This post was originally published on here
Boffins have launched an urgent hunt for poop from remote people who haven’t adopted modern lifestyles, hoping their poo can help solve a host of conditions from IBD to Parkinson’s
Scientists are now convinced that the bugs in our guts could unlock treatments for everything from IBD to Parkinson’s disease – but they need poo from the world’s most isolated places to find the cures we desperately need.
A team from Germany’s Kiel University and Malaysia’s Universiti Malaya contacted remote Bajau sea nomads near Borneo in October, offering cash for poop, reports National Geographic.
The boffins believe the bugs on the skin and in the digestive tracts of these traditional people can help us in the industrialised world undo the changes to our ‘microbiome’ that leave us prey to a host of “skyrocketing” problems, says Rob Knight, who directs the Center for Microbiome Innovation at the University of California, San Diego.
“The question is whether the diseases that we have now that are skyrocketing in prevalence—like obesity, like diabetes, like liver disease, some forms of cancer, even some neurological diseases like multiple sclerosis and Parkinson’s—are in part due to deficiencies of microbes that we can resupply,” he said.
Global Microbiome Conservancy (GMbC) is building a biobank of poo samples from remote populations. For almost a decade the GMbC has collecting poop from Europe, America, Africa, and Asia, ranging from Tanzanian tribespeople to Inuit in the Arctic Circle.
The centre hopes to better understand the impact of industrialization, processed diets, and antibiotics on human health. Globally, over 10 million people suffer from inflammatory bowel disease (IBD), chronic inflammation in the gut that manifests as ulcerative colitis or Crohn’s disease. Evidence linking these two conditions to abnormalities in the gut microbiome has steadily grown.
Differences in gut bacteria have also been found in sufferers of conditions from autism and type 2 diabetes to heart failure, cancer, anxiety, arthritis, and more.
Many bugs evolved with us over millions of years and operate like tiny chemical factories, although experts are still unsure whether microbial changes cause or result from diseases. GMbC hopes to solve the mystery but needs more poop.
The centre’s growing poo archive, housed in freezers in Germany, now has almost 2,000 samples from about 50 communities worldwide, ranging from urban centres in industrialised countries to remote villages. The samples have revealed thousands of new bacterial species. Nearly 10,000 bacterial strains have been shared with scientists around the world.
A French husband-and-wife team launched GMbC and oversees its poo library.
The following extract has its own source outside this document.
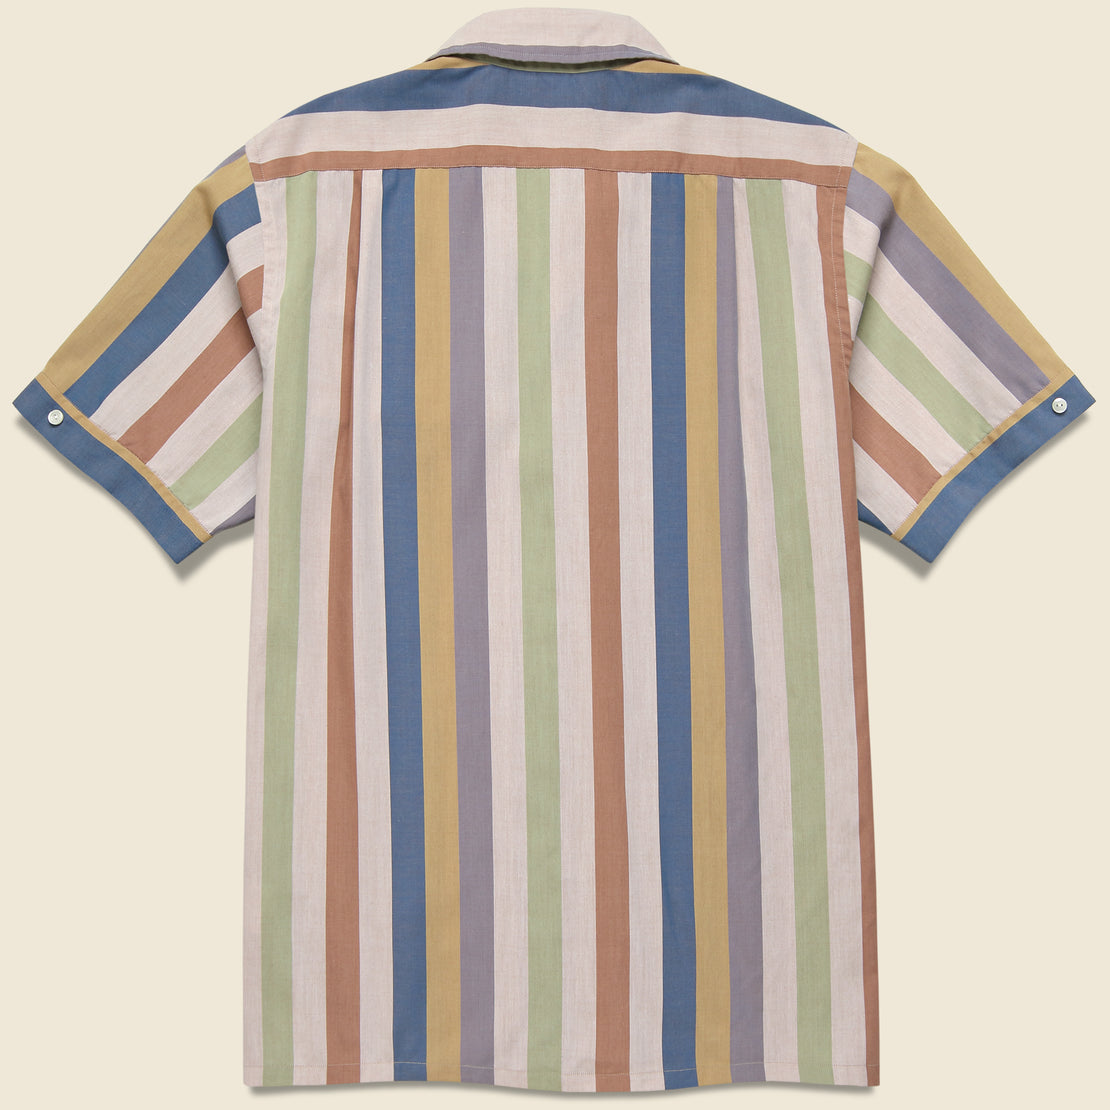 Italian Collar Multi Stripe Shirt - Beige Stripe/Multi - BEAMS+ - STAG Provisions - Tops - S/S Woven - Stripe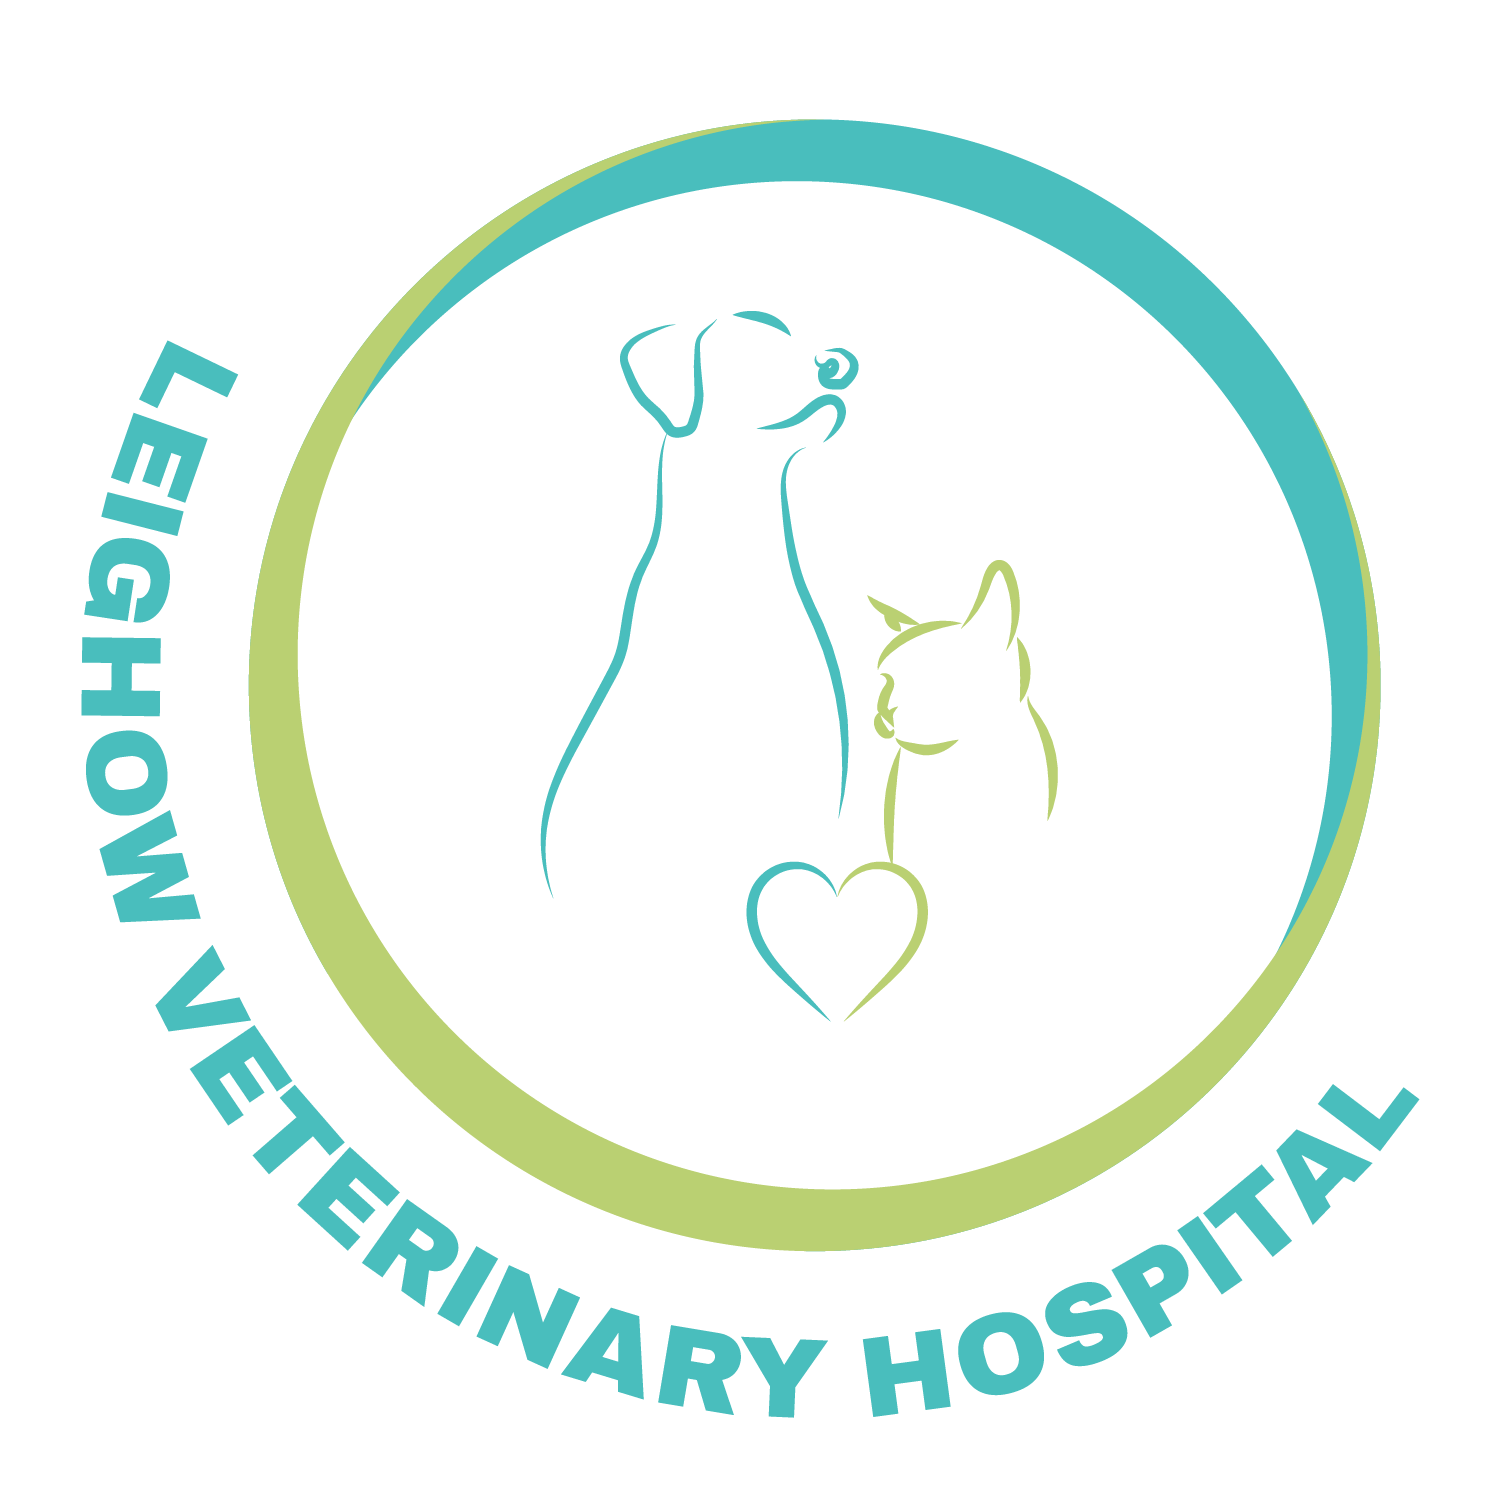 Leighow Veterinary Hospital

Mathieu Groussin and Mathilde Poyet aim to bring underrepresented human populations into microbiome science and uncover the full biodiversity of the human gut microbiome around the globe.
Their poop hunt began with a paper on the Hadza, a remote tribe of Tanzanian hunter-gatherers who still live like early humans. Research compared poo from 27 tribespeople, living on honey, berries, baobab fruit, tubers, antelope, monkeys, bushpigs, and baboons, to the bugs in the tums of 16 Italians living in Bologna, as well as farmers in Burkina Faso and Malawi.
The Hadza had loads of different bugs, while the Western microbiome appeared as depleted and diseased as that of an IBD patient. And the researchers fear this lack of bacteria could put us at risk.
Humans and their microbes have evolved together over millions of years. A microbe in Japan lets people digest seaweed. Another in Africa helps people extract energy from tough, fibrous tubers.
Some microbes send signals that can speed up or slow down metabolism. Others produce essential vitamins, influence appetite, regulate blood sugar, and help train and support our immune system. Newer evidence suggests our microbiomes can even alter our brains, making us more outgoing or affecting our mood and how we react to stress.
But antibiotics and antimicrobial soaps, along with changes to our diet, has killed off many of our allies. The loss of microbial diversity, the researchers suggest, has “had a drastic effect on health and immune function of modern Westernized human groups.”
The poop hunt faces several hurdles, however, before it can start fixing the woes of modern living. Boffins don’t yet know how to turn helpful bacteria into effective cures. They’re worried, too, about using bugs from remote populations without the tribespeople’s permission.
Researchers are also in a race to gather far-flung poop before remote people abandon their traditional lifestyles. But Groussin is convinced the poo search will bring results.
“We’re just starting,” he told National Geographic. “We will find something.”